FICTION OF LAW
FICTION OF LAW. The assumption that a certain thing is true, and which gives to a person or thing, a quality which is not natural to it, and establishes, consequently, a certain disposition, which, without the fiction, would be repugnant to reason and to truth. It is an order of things which does not exist, but which the law prescribe; or authorizes it differs from presumption, because it establishes as true, something which is false; whereas presumption supplies the proof of something true. Dalloz, Dict. h. t. See 1 Toull. 171, n. 203; 2 Toull. 217, n. 203; 11 Toull. 11, n. 10, note 2; Ferguson, Moral Philosophy, part 5, c. 10, s. 3 Burgess on Insolvency, 139, 140; Report of the Revisers of the Civil Code of Pennsylvania, March 1, 1832, p. 8.
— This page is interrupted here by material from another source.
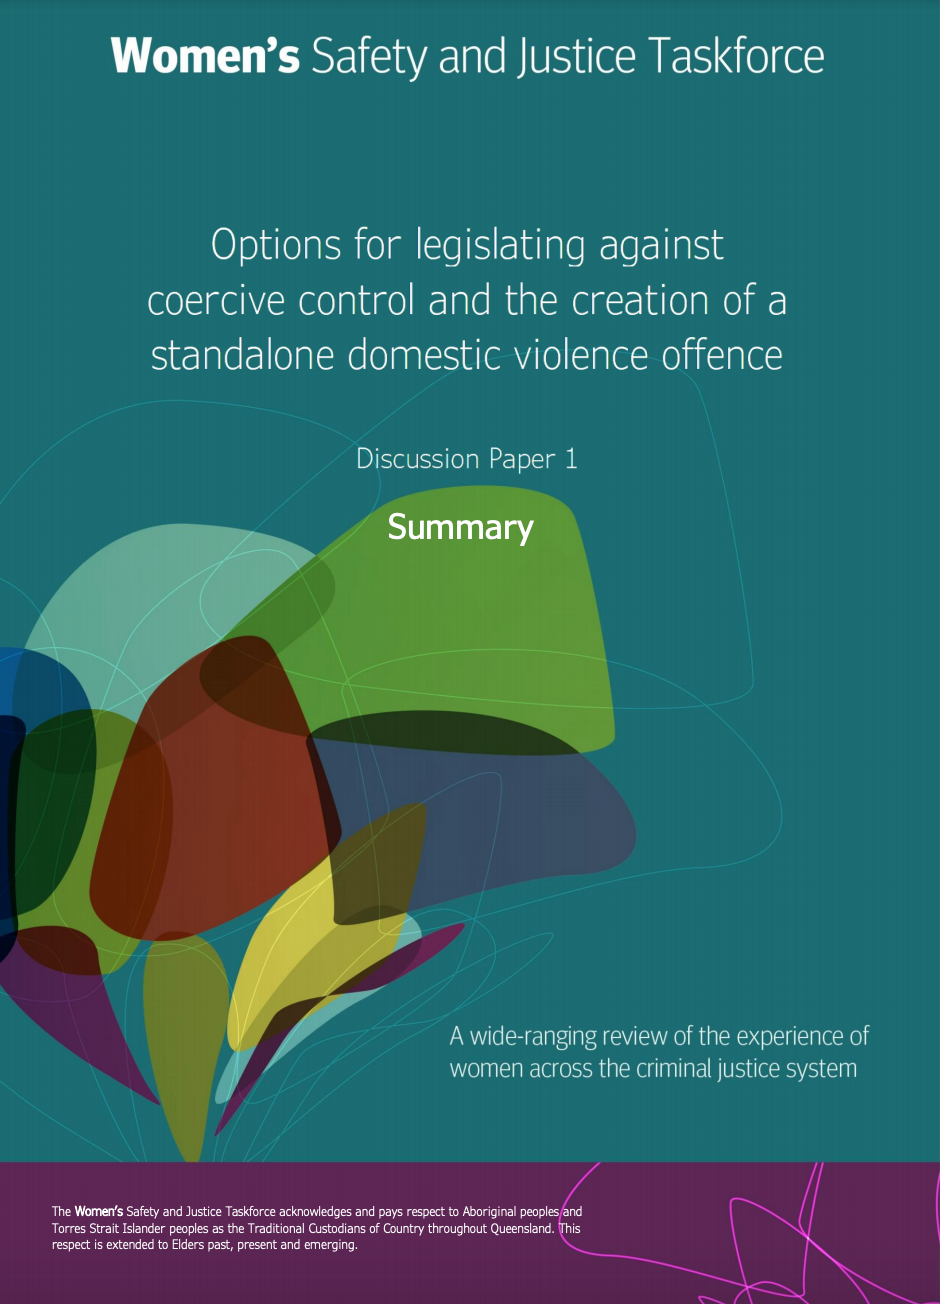 Options for legislating against coercive control and more

2. The law never feigns what is impossible fictum est id quod factum non est sed fieri potuit. Fiction is like art; it imitates nature, but never disfigures it it aids truth, but it ought never to destroy it. It may well suppose that what was possible, but which is not, exists; but it will never feign that what was impossible, actually is. D'Aguesseau, Oeuvres, tome iv. page 427, 47e Plaidoyer.
3. Fictions were invented by the Roman praetors, who, not possessing the power to abrogate the law, were nevertheless willing to derogate from it, under the pretence of doing equity. Fiction is the resource of weakness, which, in order to obtain its object, assumes as a fact, what is known to be contrary to truth: when the legislator desires to accomplish his object, he need not feign, he commands. Fictions of law owe their origin to the legislative usurpations of the bench. 4 Benth. Ev. 300.
4. It is said that every fiction must be framed according to the rules of law, and that every legal fiction must have equity for its object. 10 Co. 42; 10 Price's R. 154; Cowp. 177. To prevent, their evil effects, they are not allowed to be carried further than the reasons which introduced them necessarily require. 1 Lill. Ab. 610; Hawk. 320; Best on Pres. §20.
5. The law abounds in fictions. That an estate is in abeyance; the doctrine of remitter, by which a party who has been disseised of his freehold, and afterwards acquires a defective title, is remitted to his former good title; that one thing done today, is considered as done, at a preceding time by the doctrine of relation; that, because one thing is proved, another shall be presumed to be true, which is the case in all presumptions; that the heir, executor, and administrator stand by representation, in the place of the deceased are all fictions of law. "Our various introduction of John Doe and Richard Roe," says Mr. Evans, (Poth. on Ob. by Evans, vol. n. p. 43,) "our solemn process upon disseisin by Hugh Hunt; our casually losing and finding a ship (which never was in Europe) in the parish of St. Mary Le Bow, in the ward of Cheap; our trying the validity of a will by an imaginary, wager of five pounds; our imagining and compassing the king's death, by giving information which may defeat an attack upon an enewy's settlement in the antipodes our charge of picking a pocket, or forging a bill with force and arms; of neglecting to repair a bridge, against the peace of our lord the king, his crown and dignity are circumstances, which, looked at by themselves, would convey an impression of no very favorable nature, with respect to the wisdom of our jurisprudence." Vide 13 Vin. Ab. 209; Merl. Rep. h. t.; Dane's Ab. Index, h. t.; and Rey, des Inst. de I'Angl. tome 2, p. 219, where he severely cesures these fictions as absurd and useless.